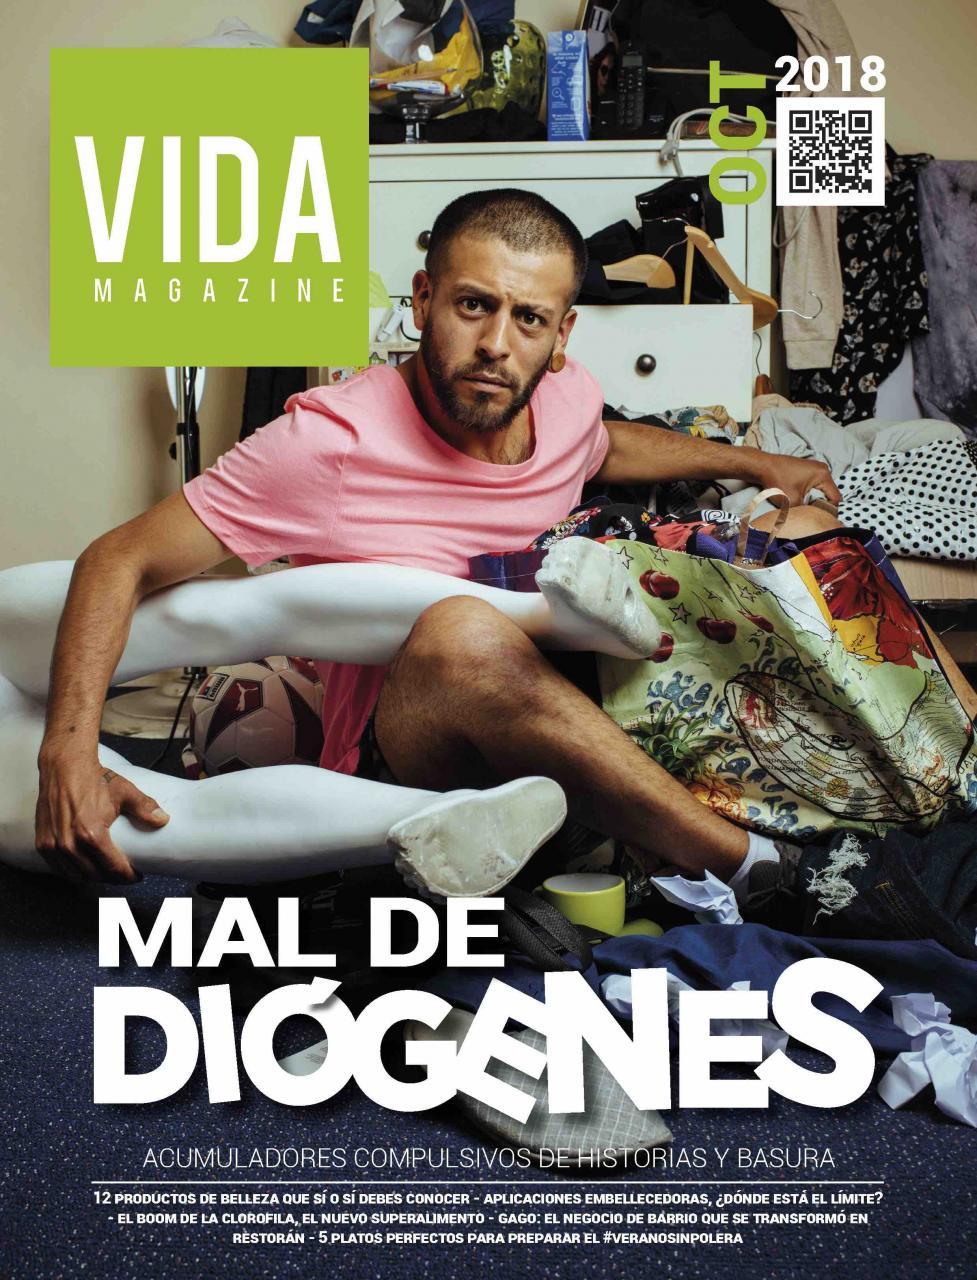 vida-magazine-edicion-n49
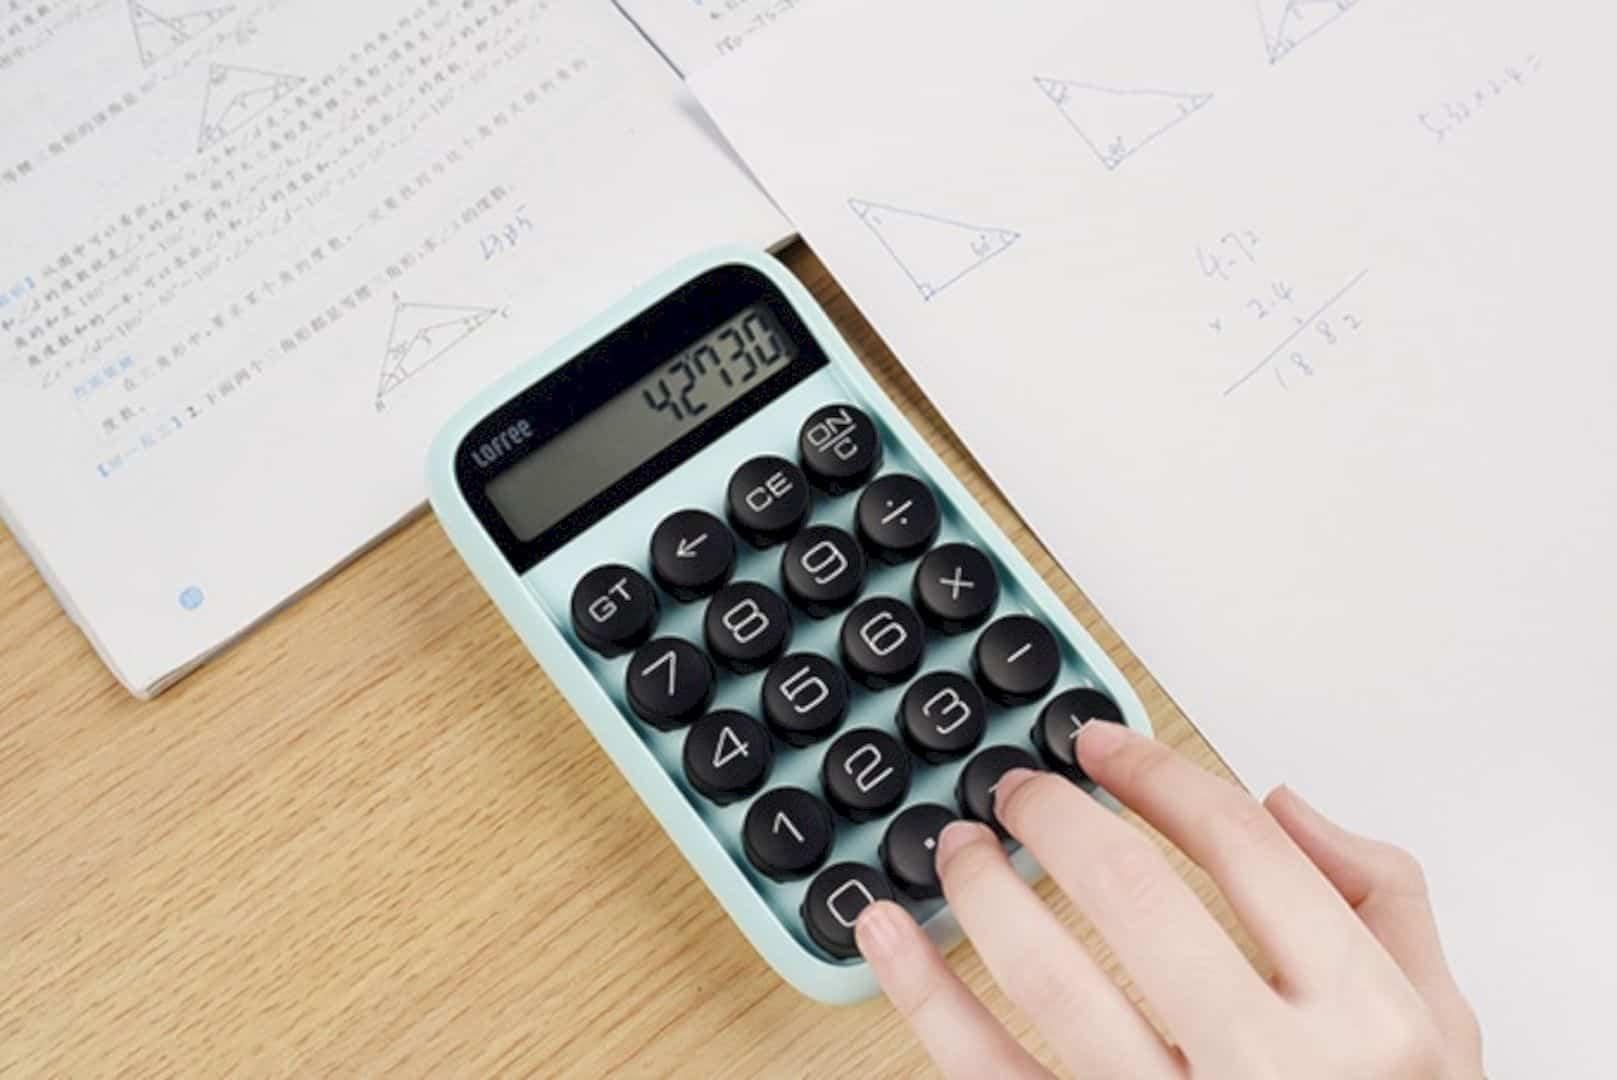 Lofree Digit Calculator 5
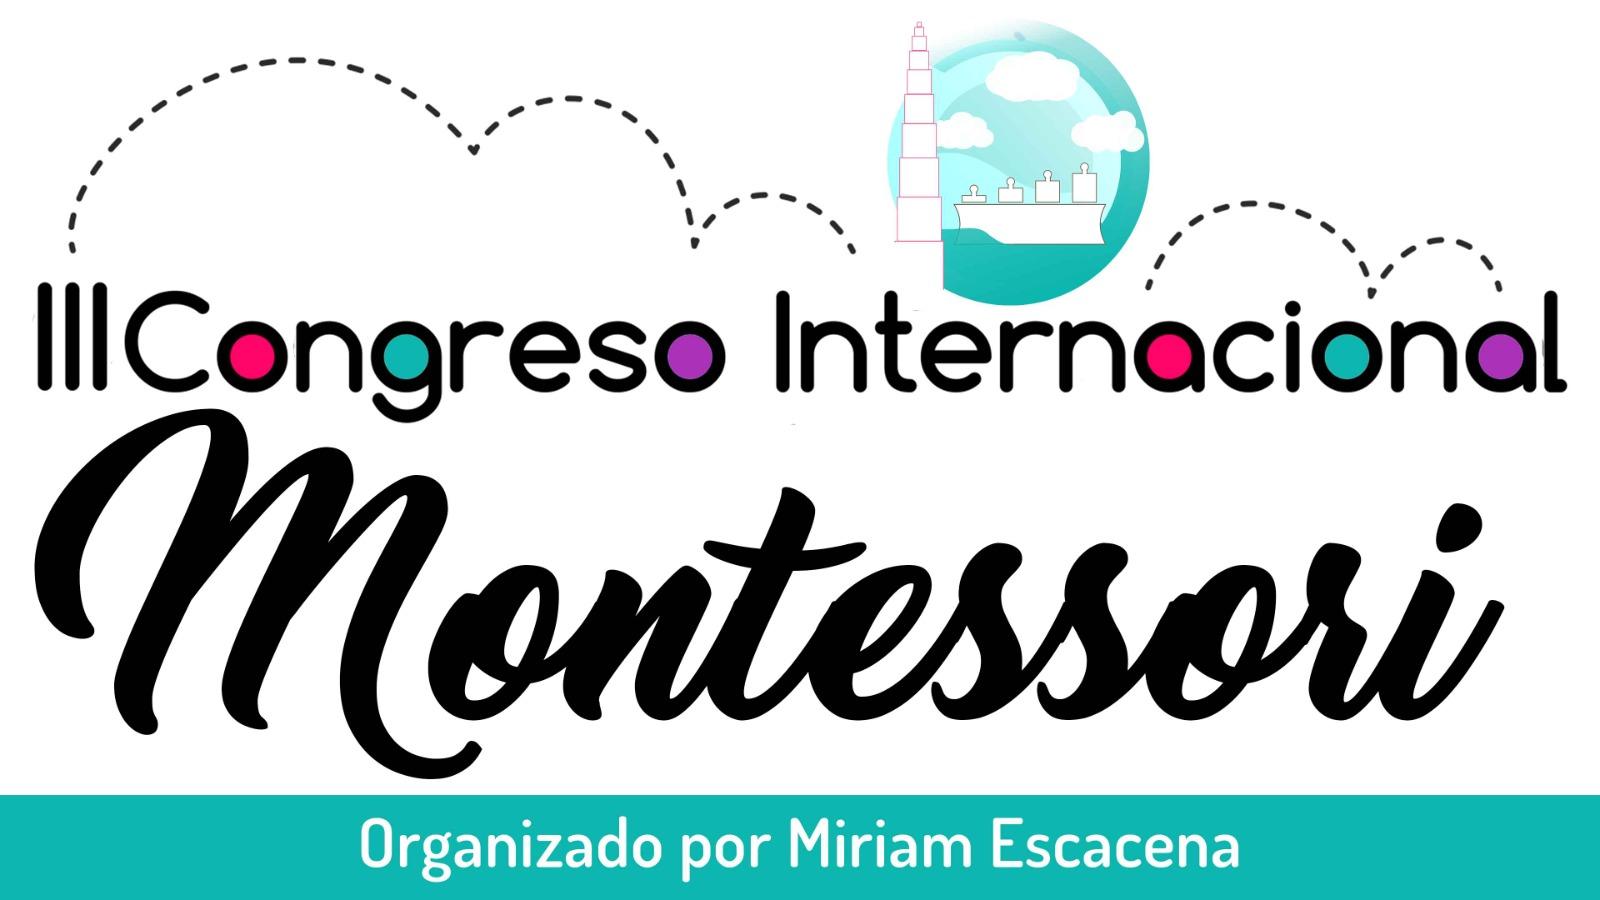 III Congreso Internacional Montessori

- INSTRUCTIONS FOR THE TASK
Leave out the pictures and return the listing exactly.

- OUTPUT BELOW
 vida-magazine-edicion-n49
 Lofree Digit Calculator 5
 III Congreso Internacional Montessori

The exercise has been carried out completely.